Additional Results

Emergent Multimodal Heatmaps

Since KITE's keypoint grounding model is trained from (image, instruction, keypoint) pairs, any multimodality in the demonstration data will be reflected in the distribution of the learned heatmaps. In our demonstrations, instructions like “Open any drawer” are paired with images where the annotated keypoint lies on the top, middle, or bottom drawer.  Thus, an emergent property of the learned heatmap distributions is that they do attend to salient regions rather than individual points (middle column); we ultimately obtain a localized keypoint by argmaxing over this heatmap (right column).


Simulated Semantic Grasping Experiments

To further illustrate KITE's ability to generalize to diverse objects and object parts, we provide additional results on semantic grasping of synthetic objects in a custom PyBullet simulation environment. In particular, we consider 56 objects sampled from the YCB object dataset [2] (assets obtained from [1]). 

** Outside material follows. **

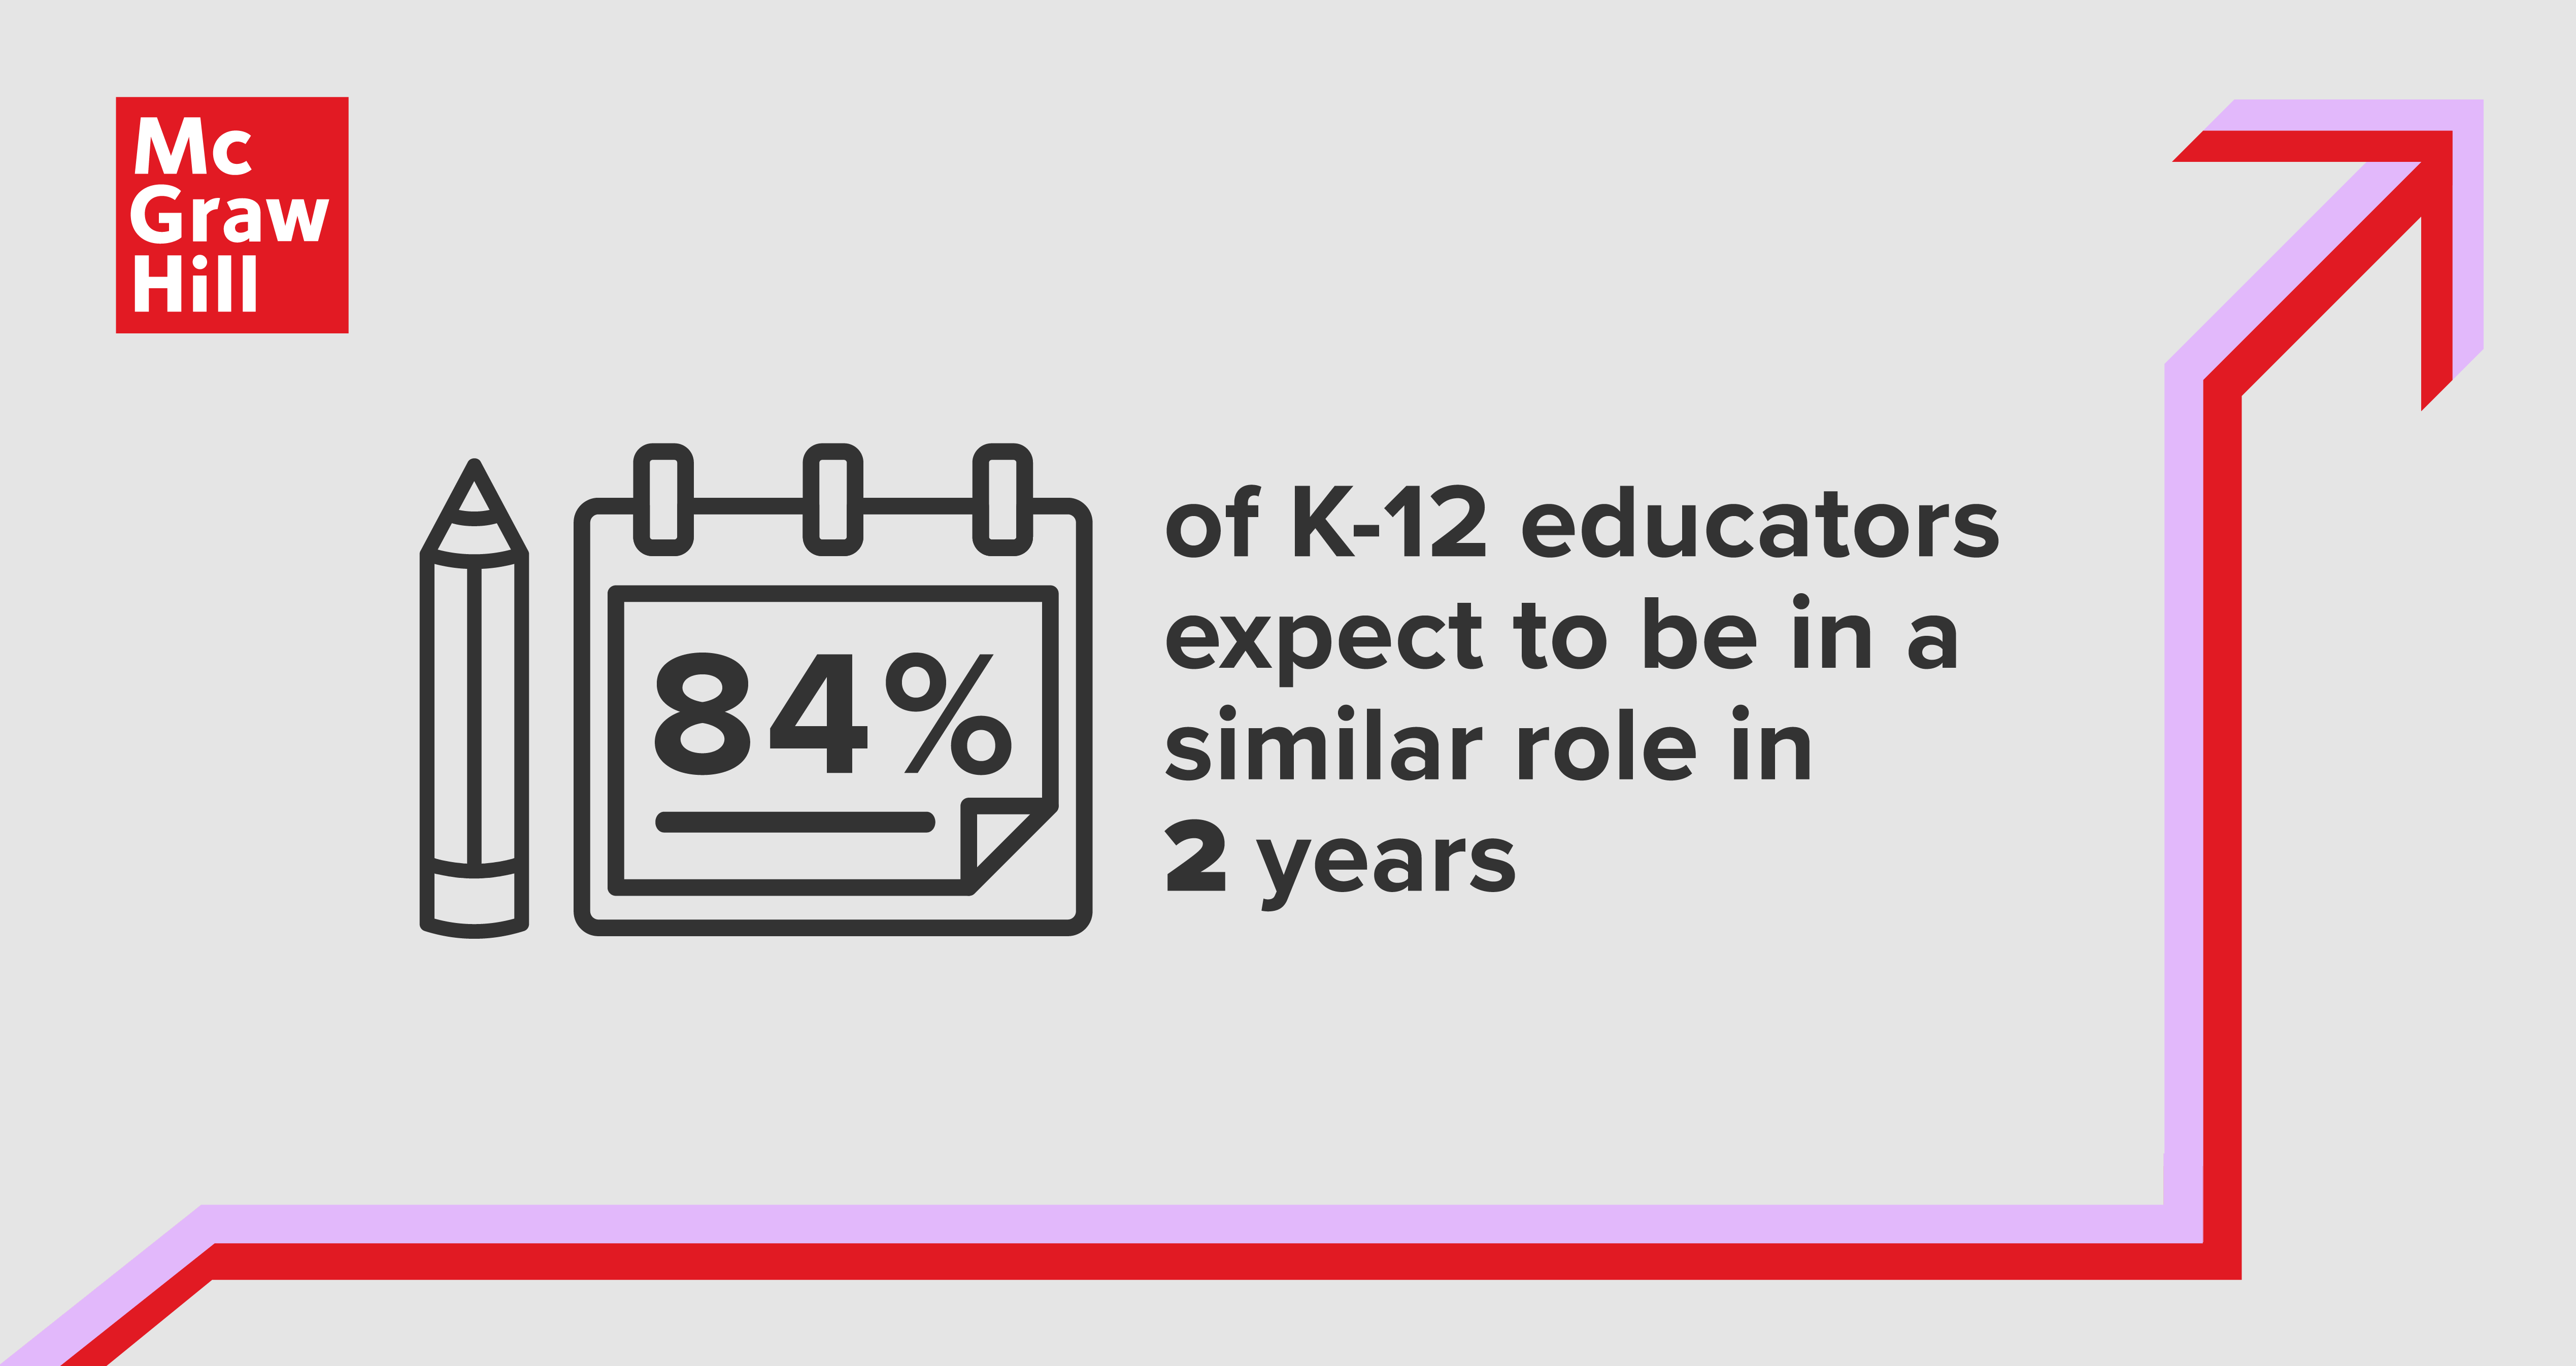 84% of K-12 educators expect to be in a simlar role in 2 years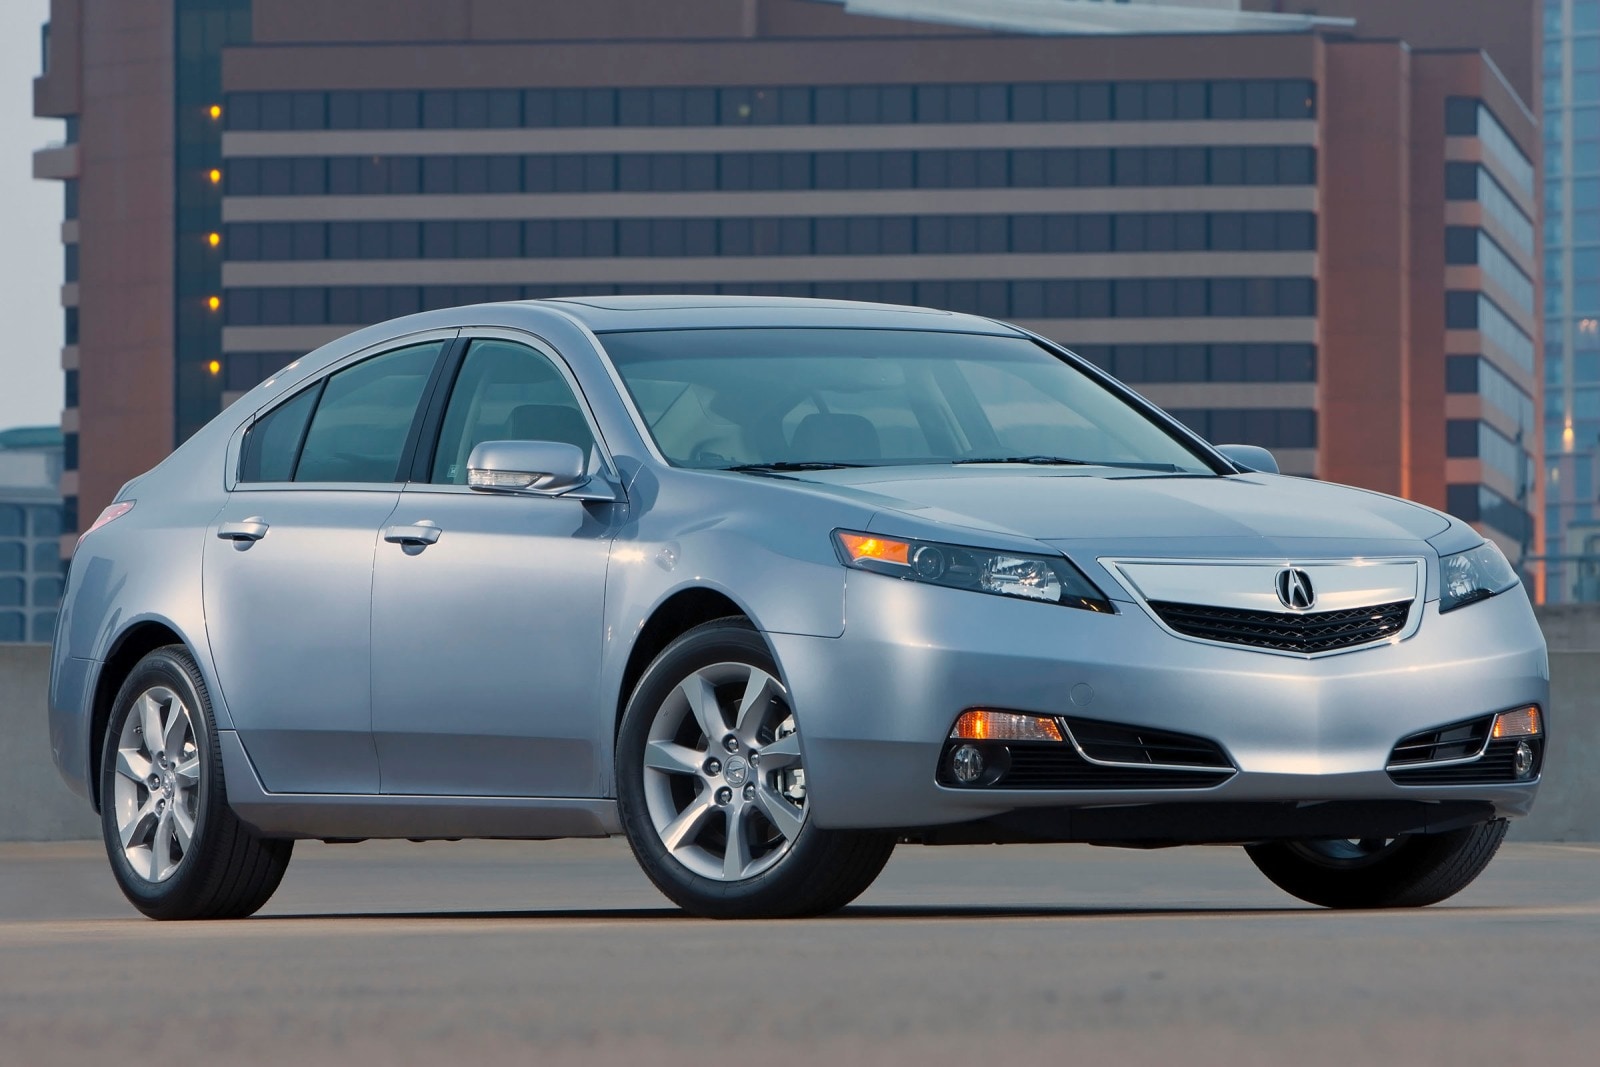 2013 Acura TL Review & Ratings | Edmunds

We train the grounding module on 30 objects and 20+ unique manually labeled object parts (ex: end/middle of banana, dispenser/side of cleanse, center/cap of marker, lip/handle of mug, body parts of animal, end/middle/non-button area/button area of remote, right/left side/handle of tools). 

"by the rim"

"by the end"

To implement the pick skill in simulation, we use ContactGraspNet [3], a pre-trained grasp candidate generator trained on millions of synthetic objects. ContactGraspNet takes a scene point cloud as input and generates candidate grasps and affordance scores (ex: on the right, we visualize a cleanser bottle from the YCB dataset, along with ContactGraspNet parallel-jaw grasps and their scores).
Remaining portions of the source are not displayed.